Background:  It is controversial whether use of HAART in primary HIV infection has long-term benefit.

Methods Since 1992, individuals with primary HIV infection were enrolled into an observational cohort study. After 1996, some subjects received HAART at the discretion of their primary care providers. We evaluated the effect of HAART on clinical outcomes, including AIDS-defining opportunistic infections, a pre-defined group of HIV-related diagnoses, and time to HAART-related adverse events. Treatment groups began HAART ≤30 days (group 1), 31 to 180 days (group 2), or >180 days (group 3) from the estimated HIV infection date and were compared to historical and contemporary controls. We analyzed time to first diagnosis >4 weeks after HIV infection. Cox proportional hazard models were adjusted for age, gender, race/ethnicity, acute retroviral symptom severity, and baseline HIV levels.

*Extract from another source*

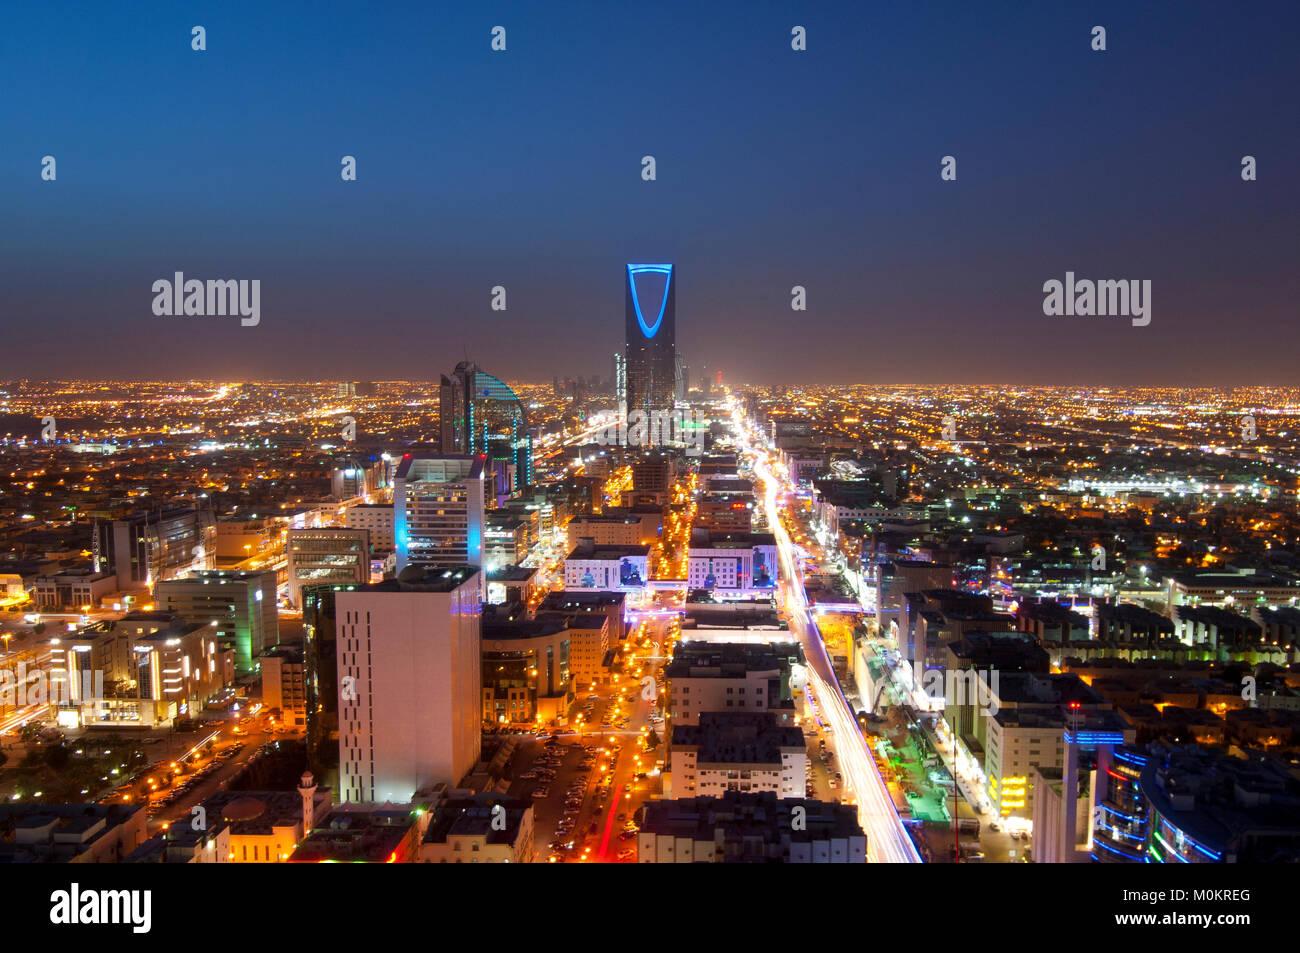 Riyadh skyline notturno n. 1 Immagini Stock

Results:  A total of 243 men and 7 women contributed 925 person-years. Groups 1, 2, and 3 had 41, 81, and 34 subjects, respectively, and there were 29 historical and 65 contemporary control subjects. Group 3 subjects began HAART a median of 652 days (IQR 351 to 2553) from HIV infection. Of 17 subjects, 16 experienced opportunistic infections and 6 died. The 161 HIV-related diagnoses included herpesvirus infections (n = 38), warts (n = 26), sinusitis (n = 23), dermatitis (n = 19), candidiasis (n = 18), and bronchitis (n = 11). Median time in years (IQR) to diagnosis was 3.8 (2.9 to 7.8) for group 1, 5.6 (3.9 to 6.6) for group 2, 7.3 (4.4 to 10.2) for group 3, 4.7 (3.4 to 6.7) for contemporary controls, and 1.8 (1.1 to 2.9) for historical controls. Compared to contemporary controls, adjusted hazard ratios were 0.62 (95%CI 0.29 to 1.3, p = 0.2) for group 1, 0.58 (0.33 to 1.0, p = 0.06) for group 2, 0.23 (0.11 to 0.45, p <0.001) for group 3, and 2.8 (1.4 to 5.6, p = 0.003) for historical controls. Groups 2 and 3 had a slight decrease in risk of grade 2-4 adverse events than group 1.

Conclusions:  The differing outcomes in historical versus contemporary controls underscores the need for understanding limitations of control groups. Subjects treated acutely did not have significantly less risk of HIV-related diagnoses than untreated contemporary controls, but this result may be biased by association of lower pre-treatment CD4 counts and higher HIV RNA levels with both use of HAART and poorer prognosis. Historical controls may be a more representative population for comparison, but differences in risk could be attributed to factors other than HAART.